(RECORDS FOR THIS TASK)

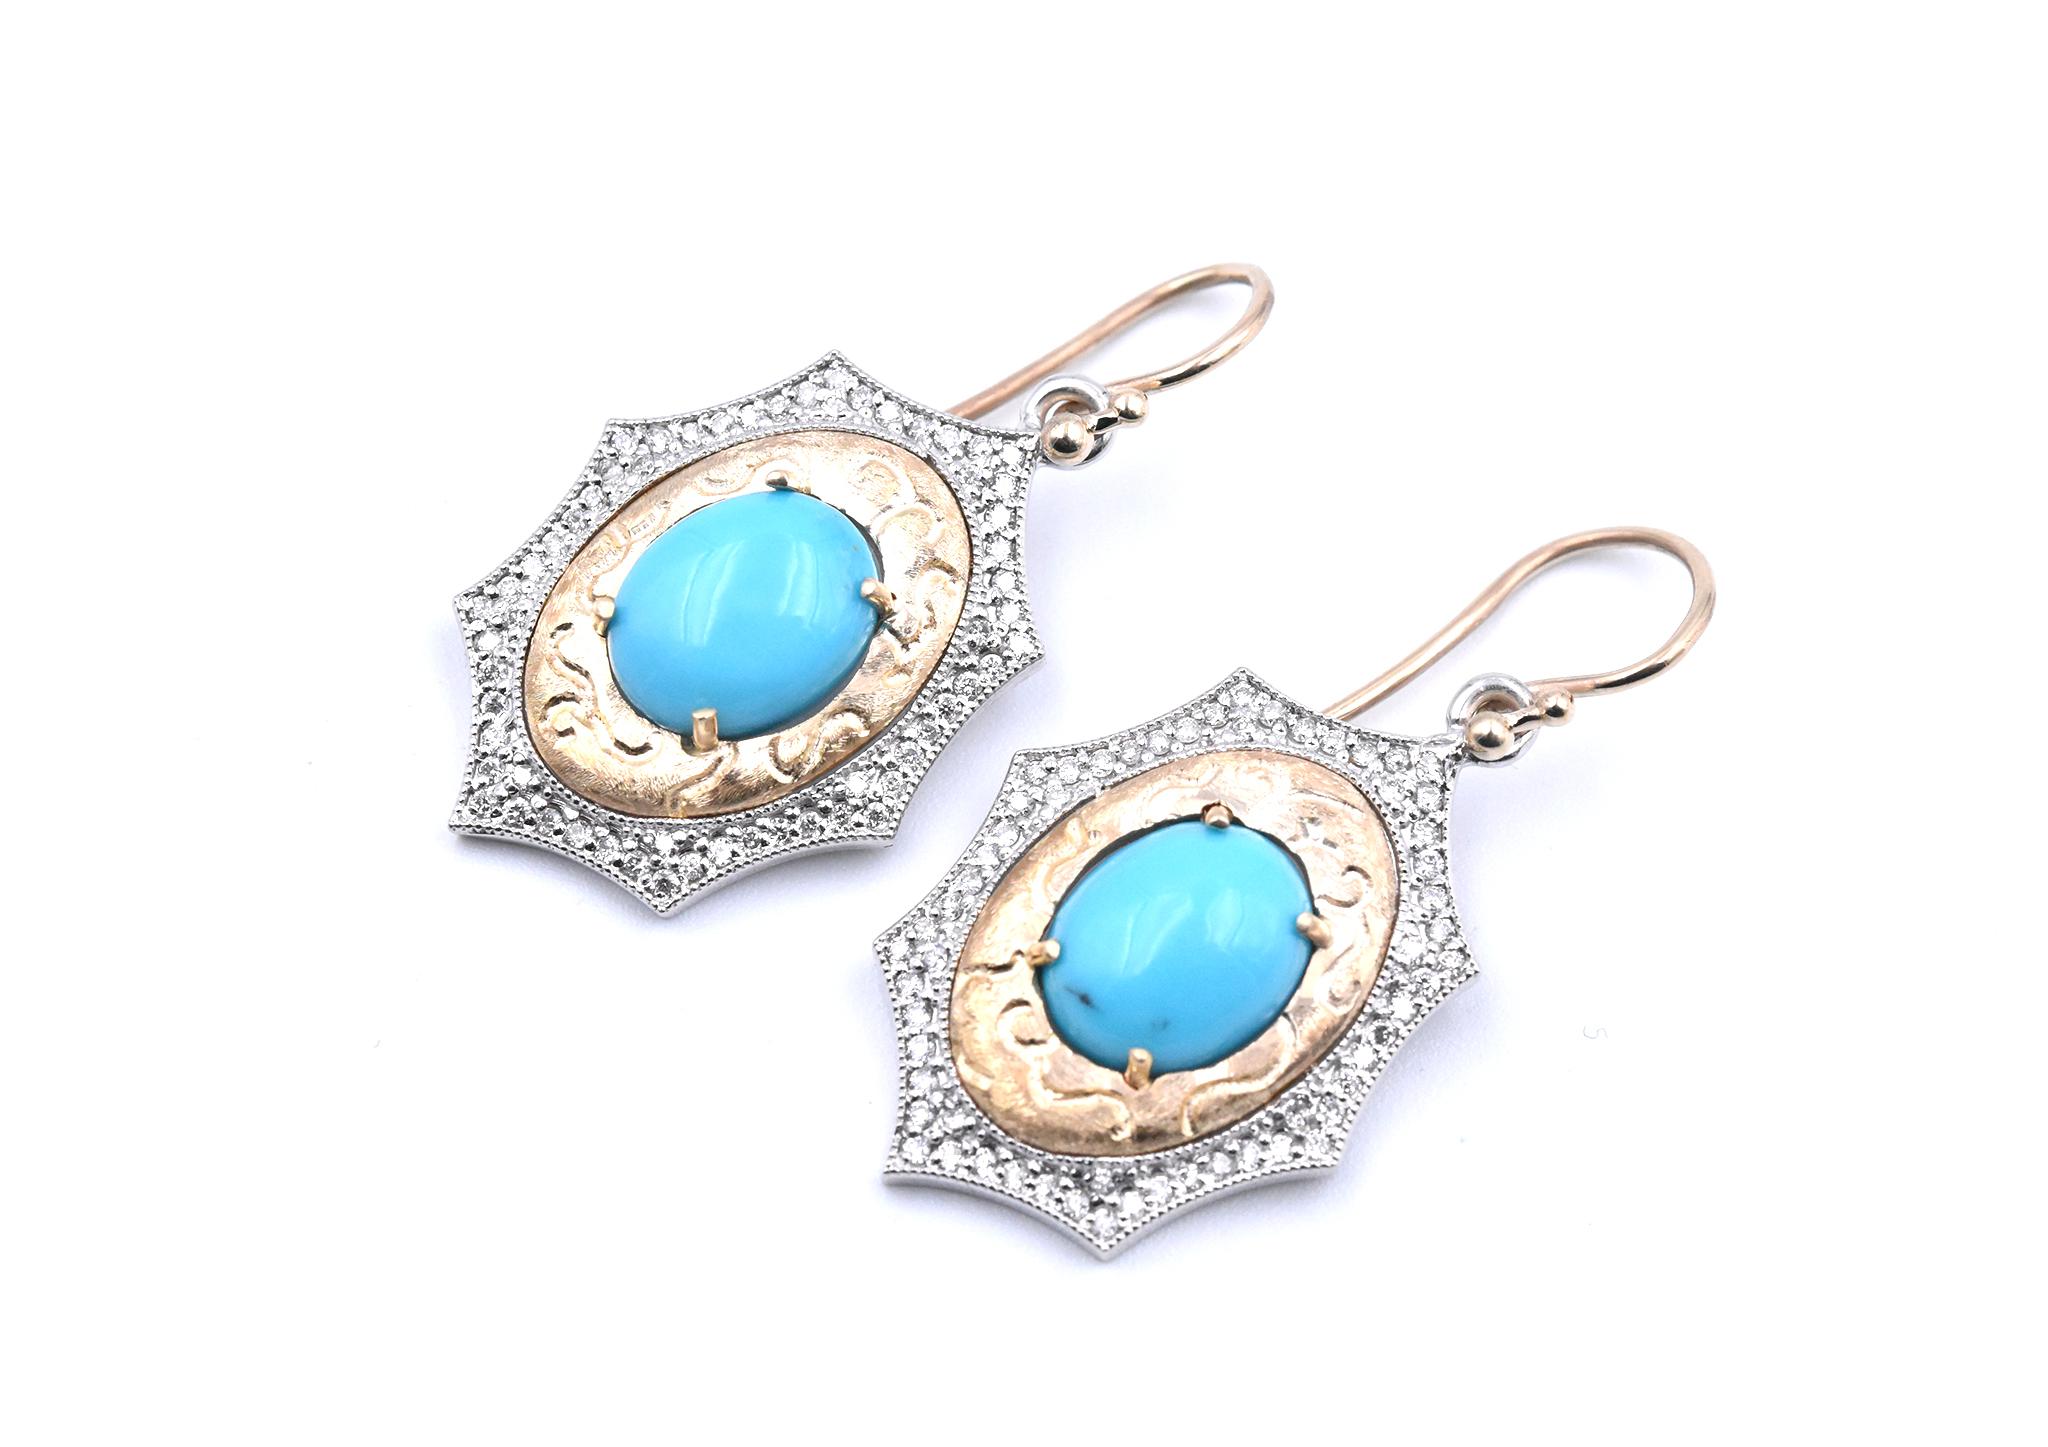 Designer: custom design
Material: 14k white/yellow gold
Turquoise: 2 oval cabochon Bisbee turquoise
Diamonds: round brilliant cuts = 1.10cttw
Dimensions: earrings measure 18.75mm x 37.60mm
Fastenings: French wire back
Weight: 10.97 grams
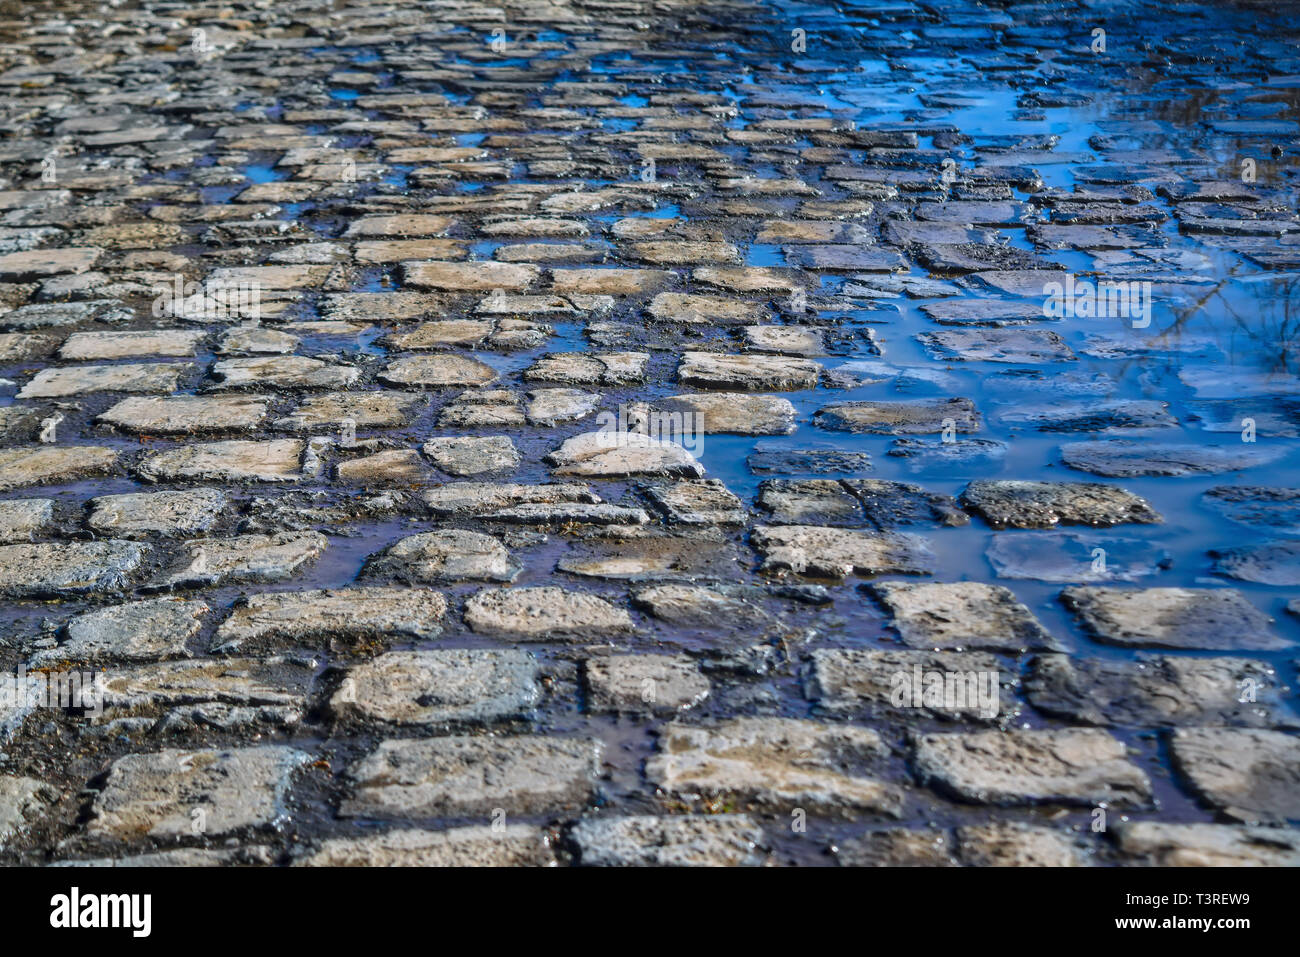 Blue spring sky reflected in the puddles on the cobblestone pavement close-up. Stock Photo
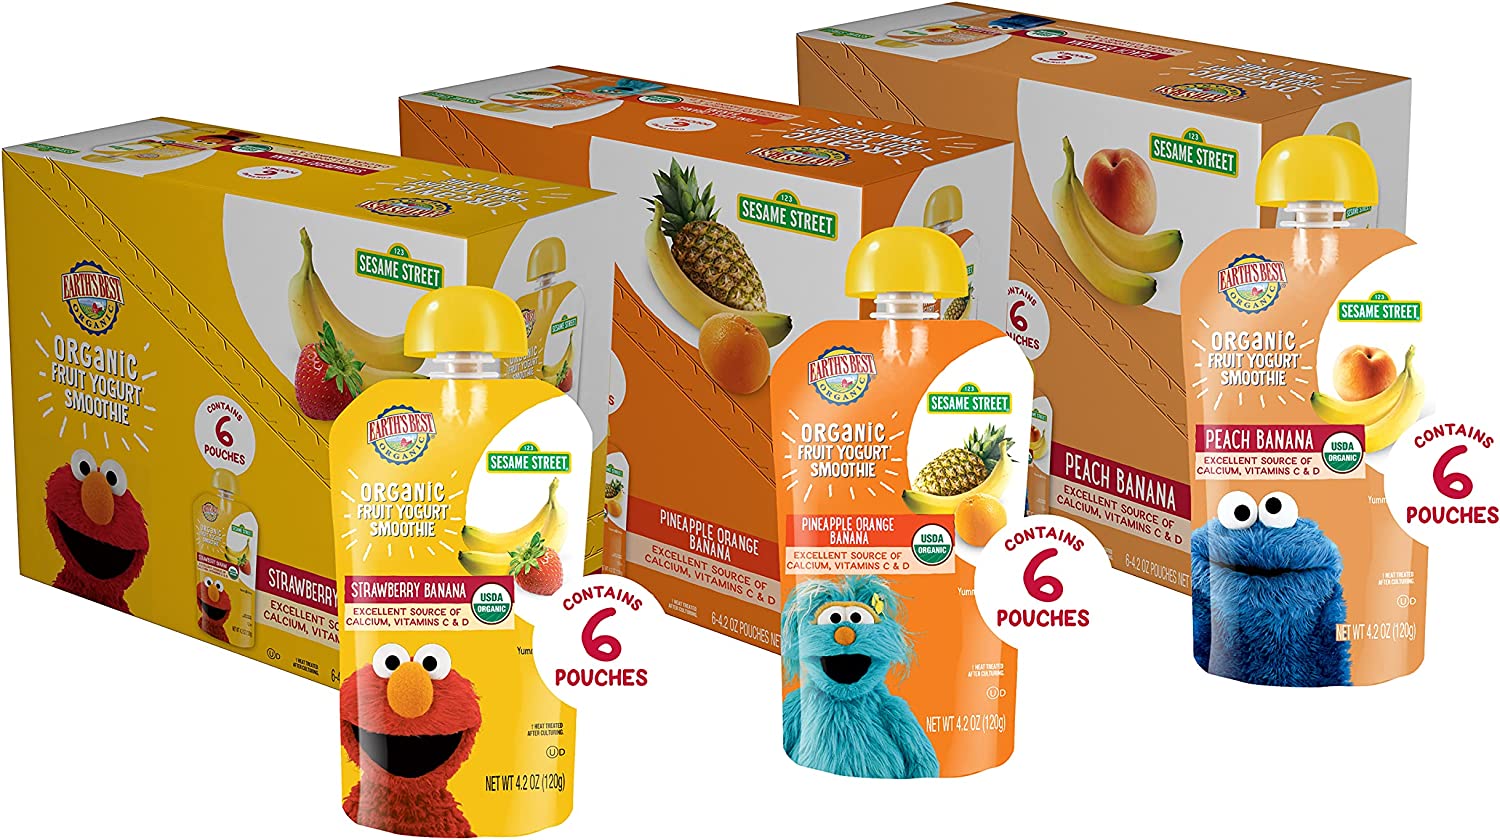 Earth’s Best Organic Kids Snacks, Sesame Street Toddler Snacks, Organic Fruit Yogurt Smoothie for Toddlers 2 Years and Older, Banana Smoothie Variety Pack, 4.2 oz Resealable Pouch (Pack of 18)
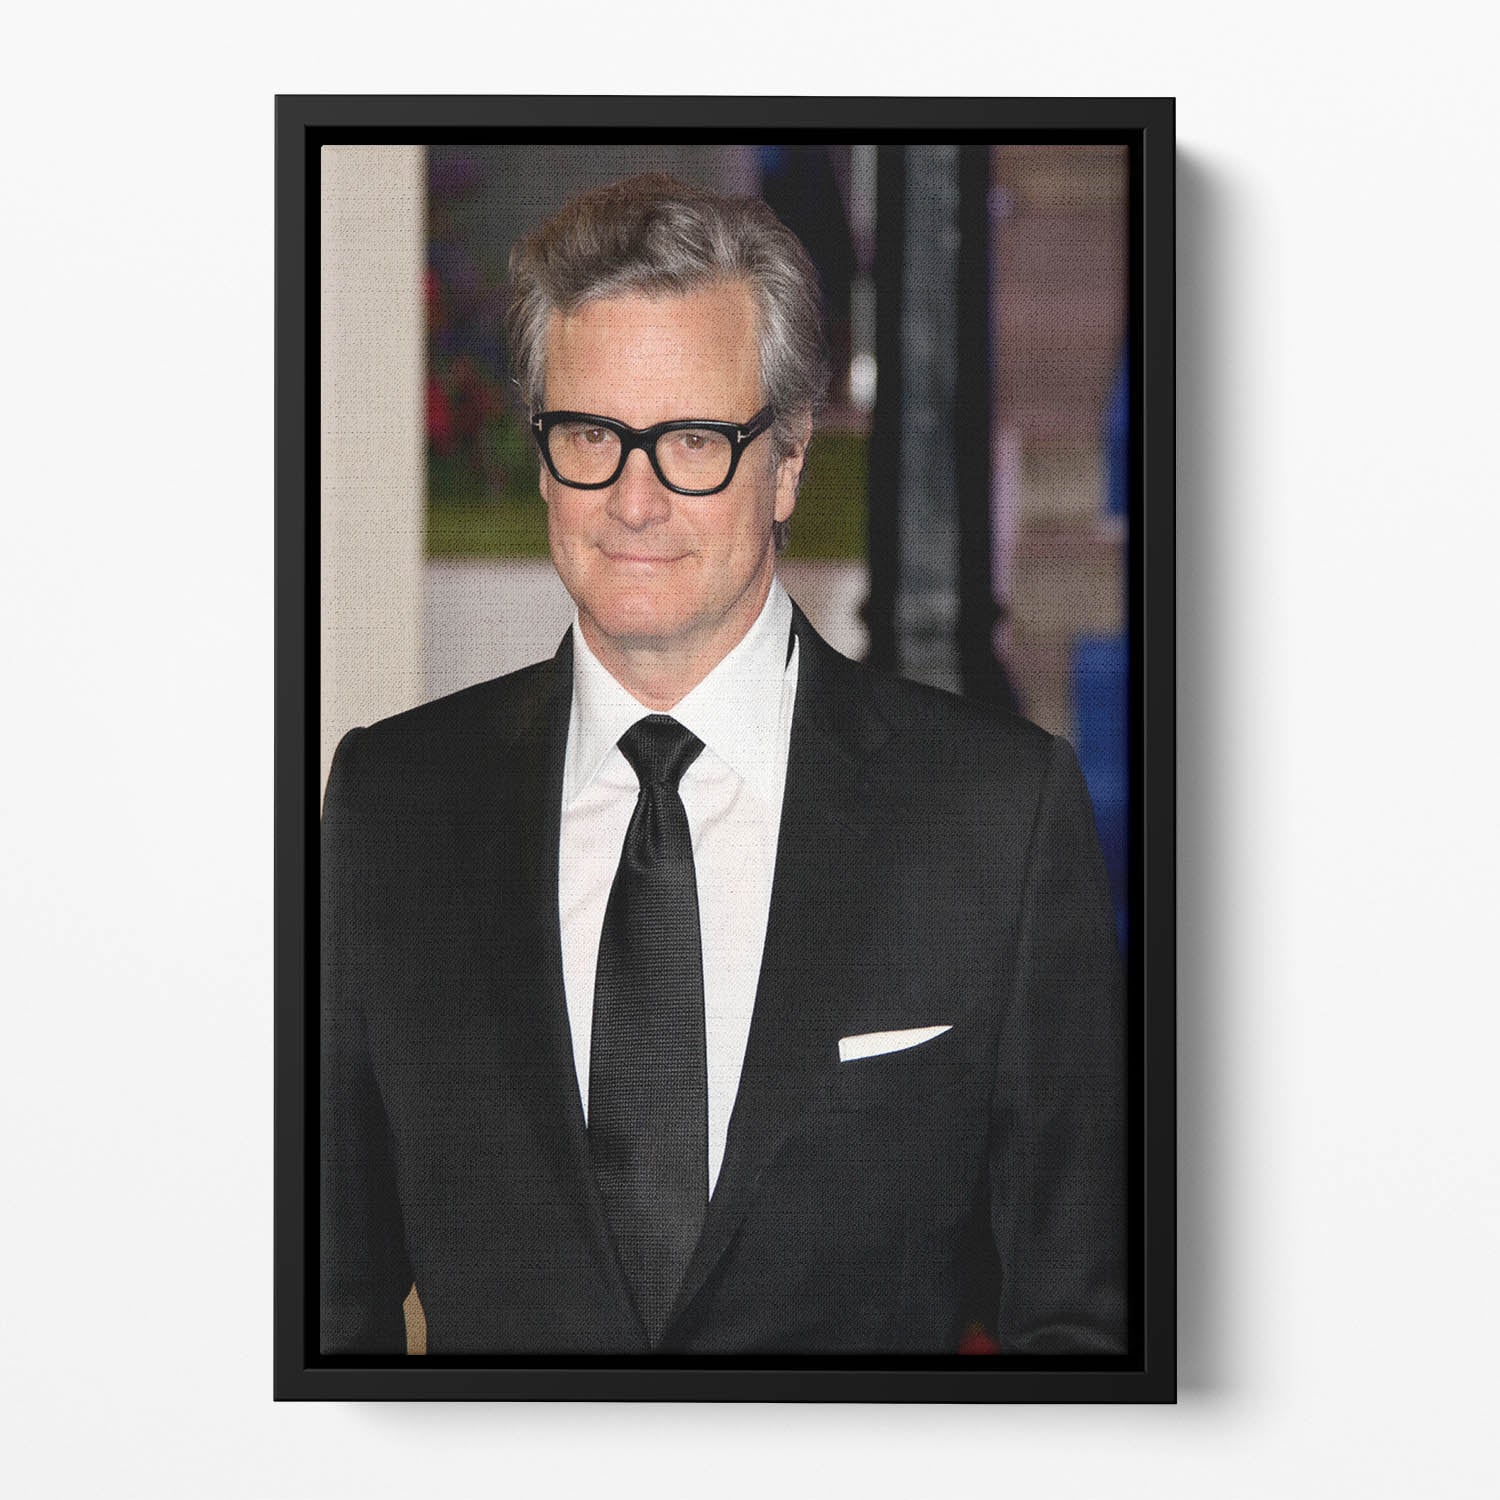 Colin Firth at a premiere Floating Framed Canvas

(End RECORDS FOR THIS TASK)

**WHAT YOU SHOULD DO:** Make a verbatim copy of all the entries and strip out the pictures.

**TASK OUTPUT:**
 Designer: custom design
Material: 14k white/yellow gold
Turquoise: 2 oval cabochon Bisbee turquoise
Diamonds: round brilliant cuts = 1.10cttw
Dimensions: earrings measure 18.75mm x 37.60mm
Fastenings: French wire back
Weight: 10.97 grams
 Blue spring sky reflected in the puddles on the cobblestone pavement close-up. Stock Photo
 Earth’s Best Organic Kids Snacks, Sesame Street Toddler Snacks, Organic Fruit Yogurt Smoothie for Toddlers 2 Years and Older, Banana Smoothie Variety Pack, 4.2 oz Resealable Pouch (Pack of 18)
 Colin Firth at a premiere Floating Framed Canvas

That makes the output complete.